#### [Your task]
Below, locate the line that contains "(a) In the circuit". Repeat exactly from that line to the line that contains "tance and capacitance", inclusive, leaving out the pictures.

#### [Study material]
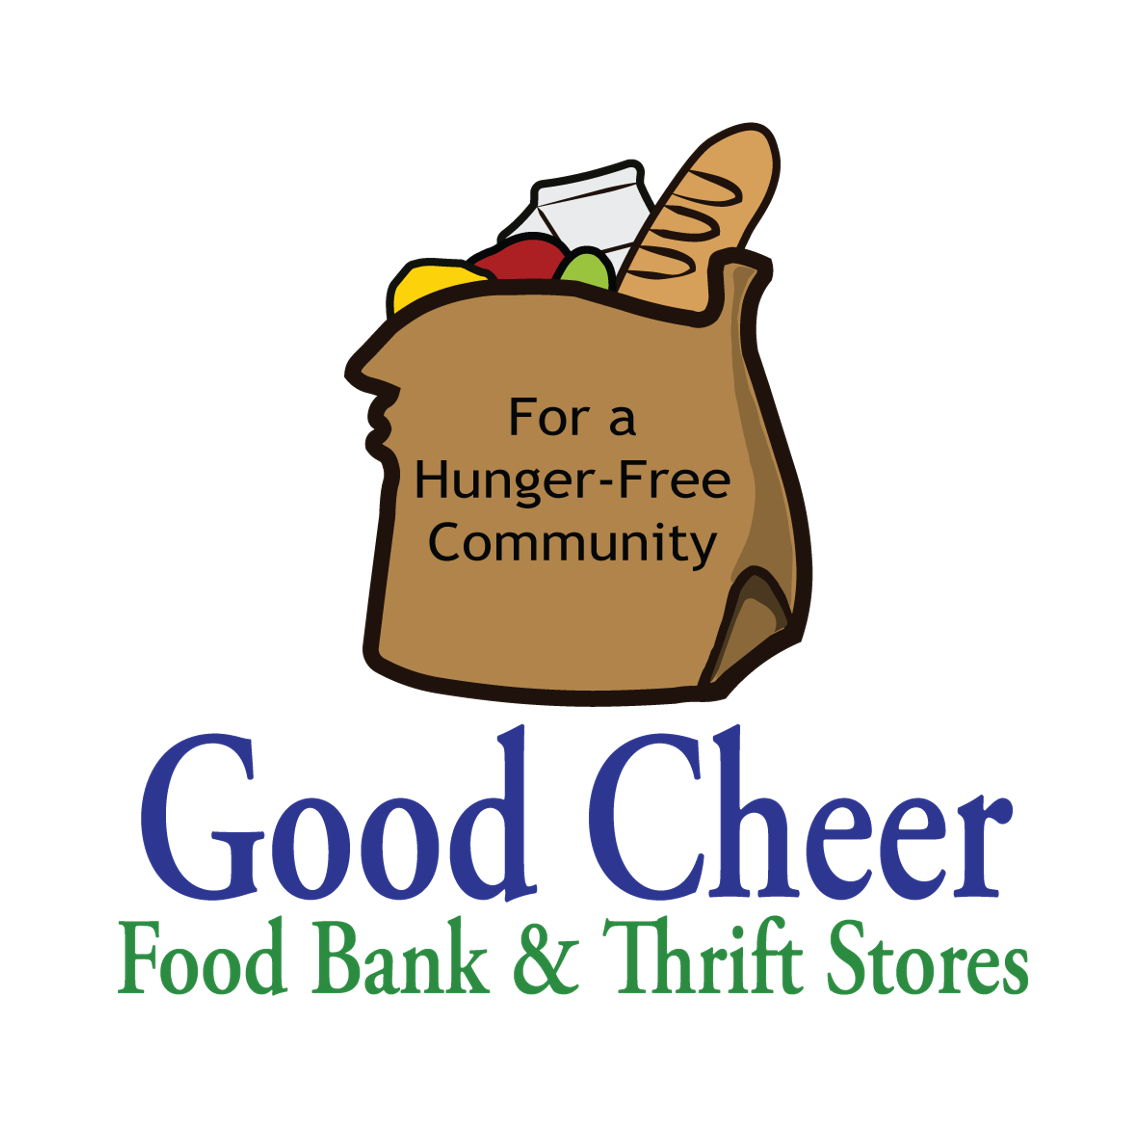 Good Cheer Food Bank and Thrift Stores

...

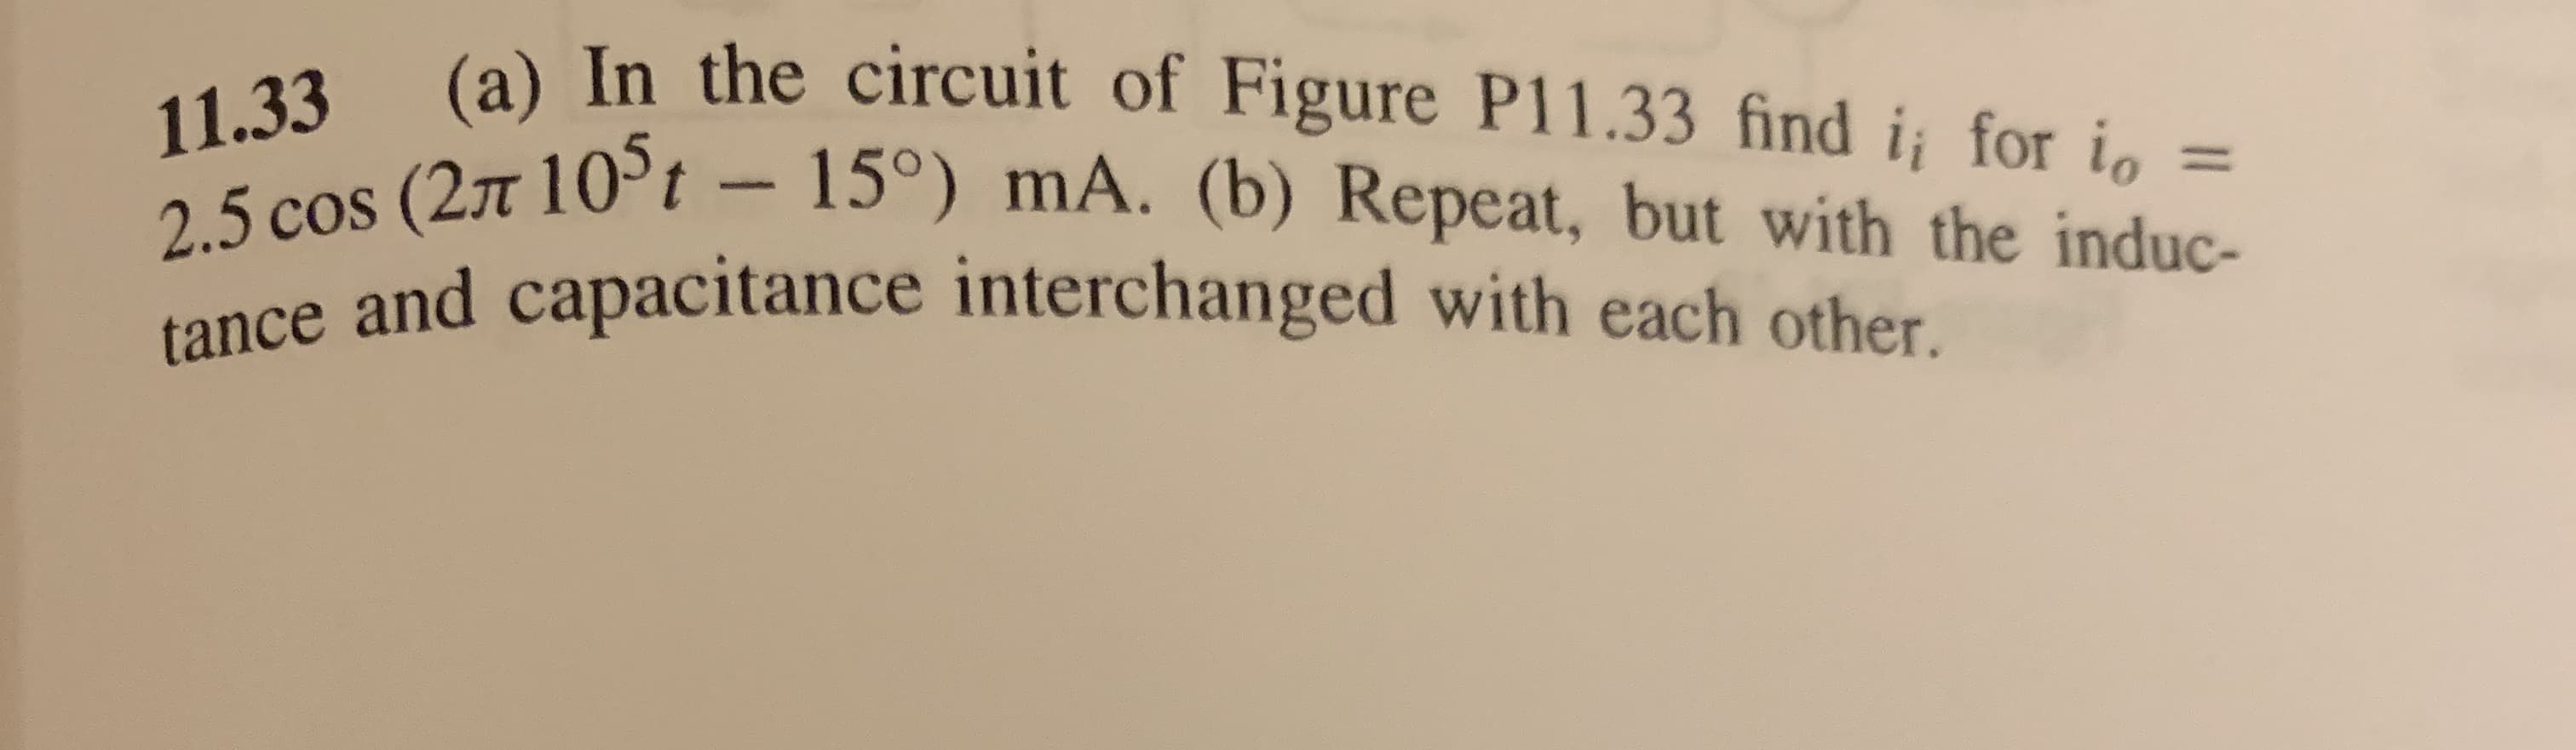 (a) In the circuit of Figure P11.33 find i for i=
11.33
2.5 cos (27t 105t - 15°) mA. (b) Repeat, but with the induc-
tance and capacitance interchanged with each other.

#### [Answer box]
 (a) In the circuit of Figure P11.33 find i for i=
11.33
2.5 cos (27t 105t - 15°) mA. (b) Repeat, but with the induc-
tance and capacitance interchanged with each other.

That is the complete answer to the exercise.